RECORDED INFORMATION:
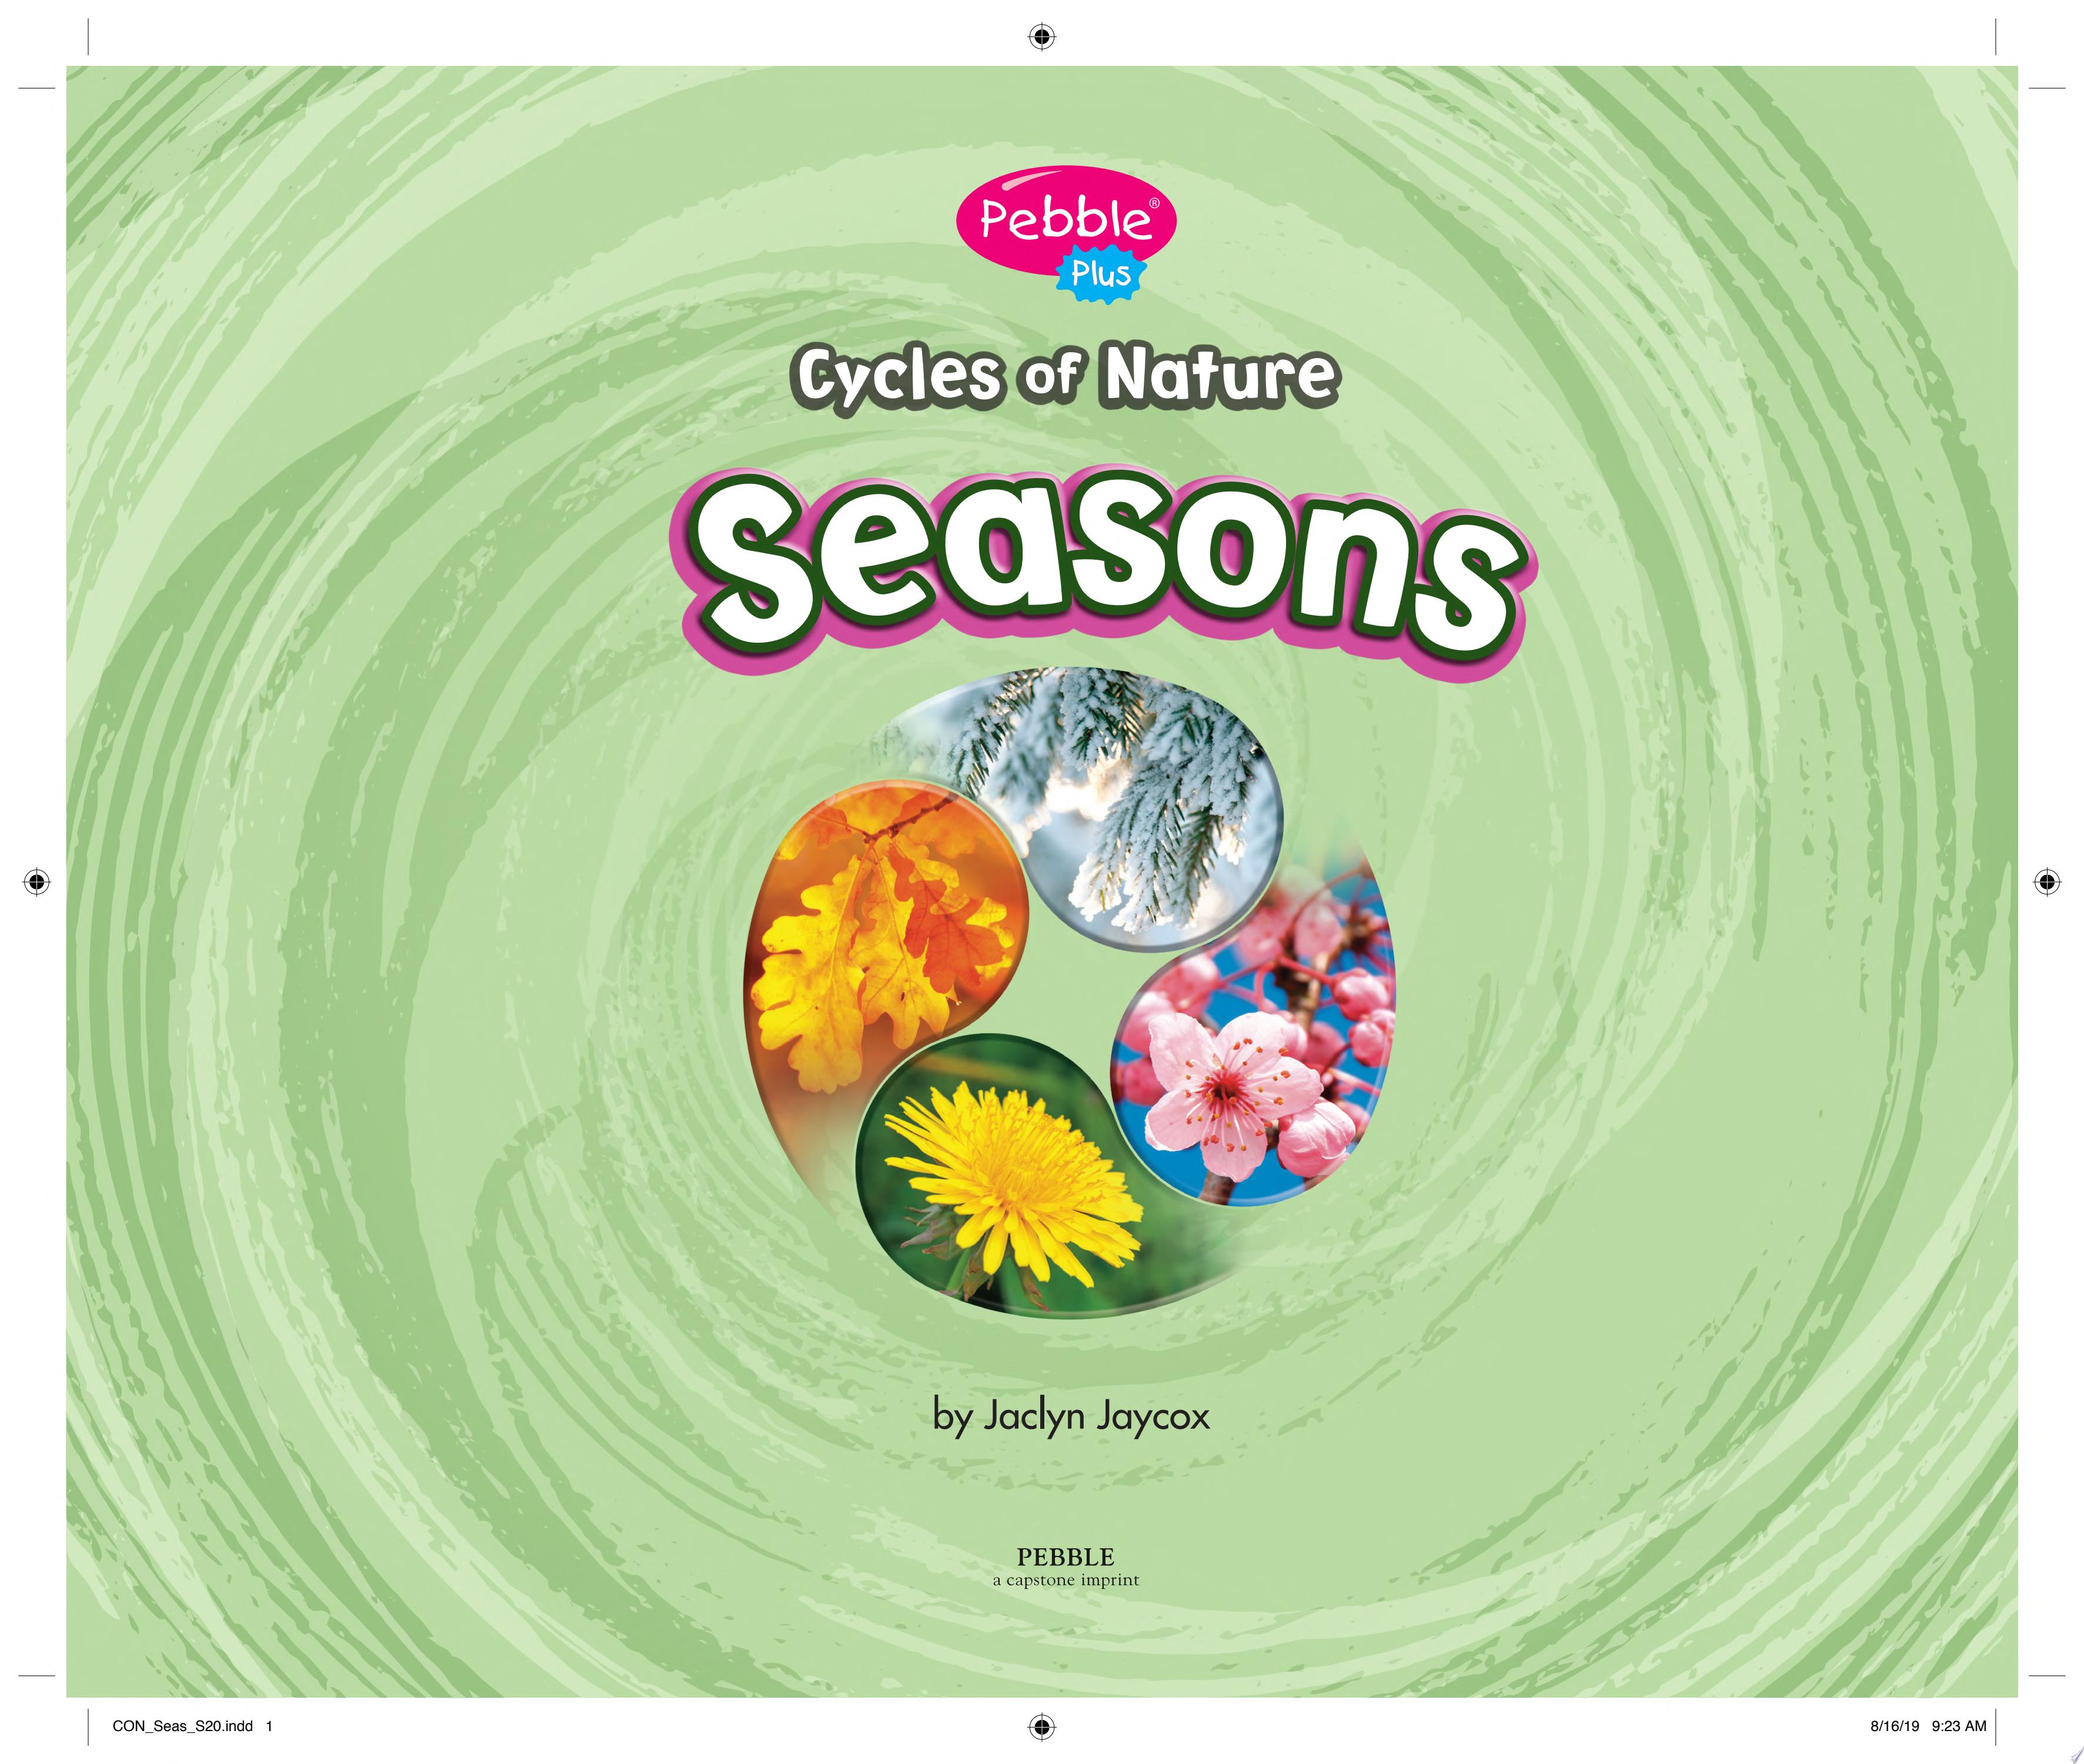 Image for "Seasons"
...
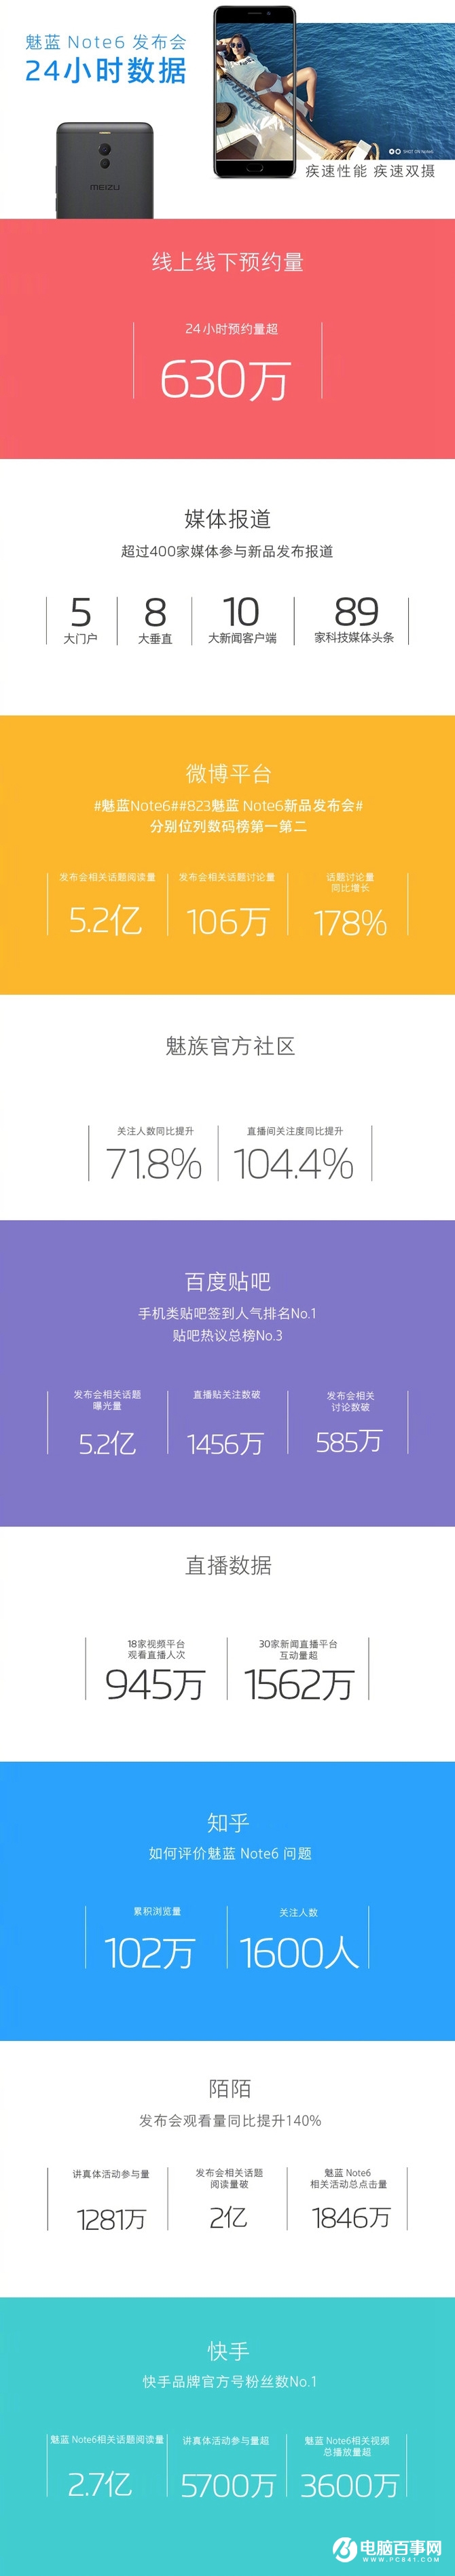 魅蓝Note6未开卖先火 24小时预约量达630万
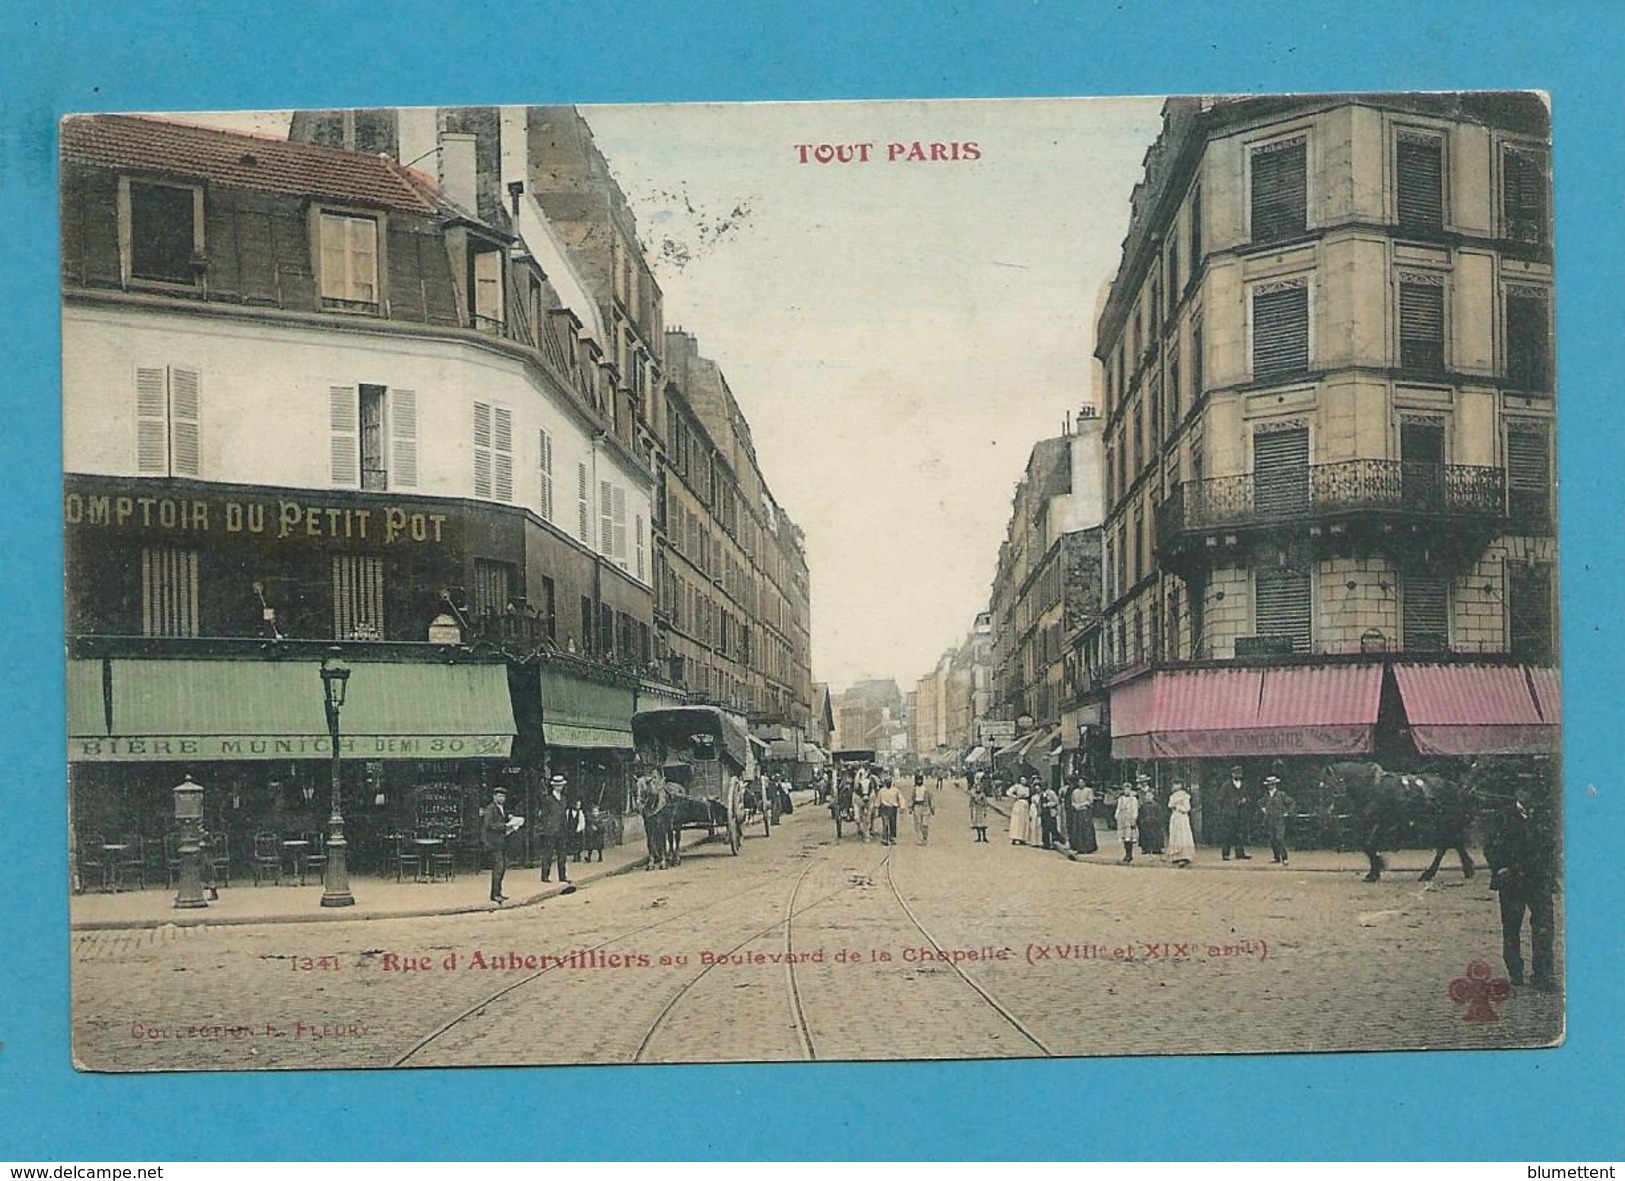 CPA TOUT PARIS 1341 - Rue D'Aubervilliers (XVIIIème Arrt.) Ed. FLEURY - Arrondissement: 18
* * *
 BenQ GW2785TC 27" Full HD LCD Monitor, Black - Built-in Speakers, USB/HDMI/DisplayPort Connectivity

TASK OBJECTIVE:
Exactly the lines above from the one that contains "魅蓝Note6未开卖先火 24小时预约量达630万" down to the one that contains "CPA TOUT PARIS" are to be output, both ends kept and pictures omitted.

RESULT BELOW:
 魅蓝Note6未开卖先火 24小时预约量达630万
 CPA TOUT PARIS 1341 - Rue D'Aubervilliers (XVIIIème Arrt.) Ed. FLEURY - Arrondissement: 18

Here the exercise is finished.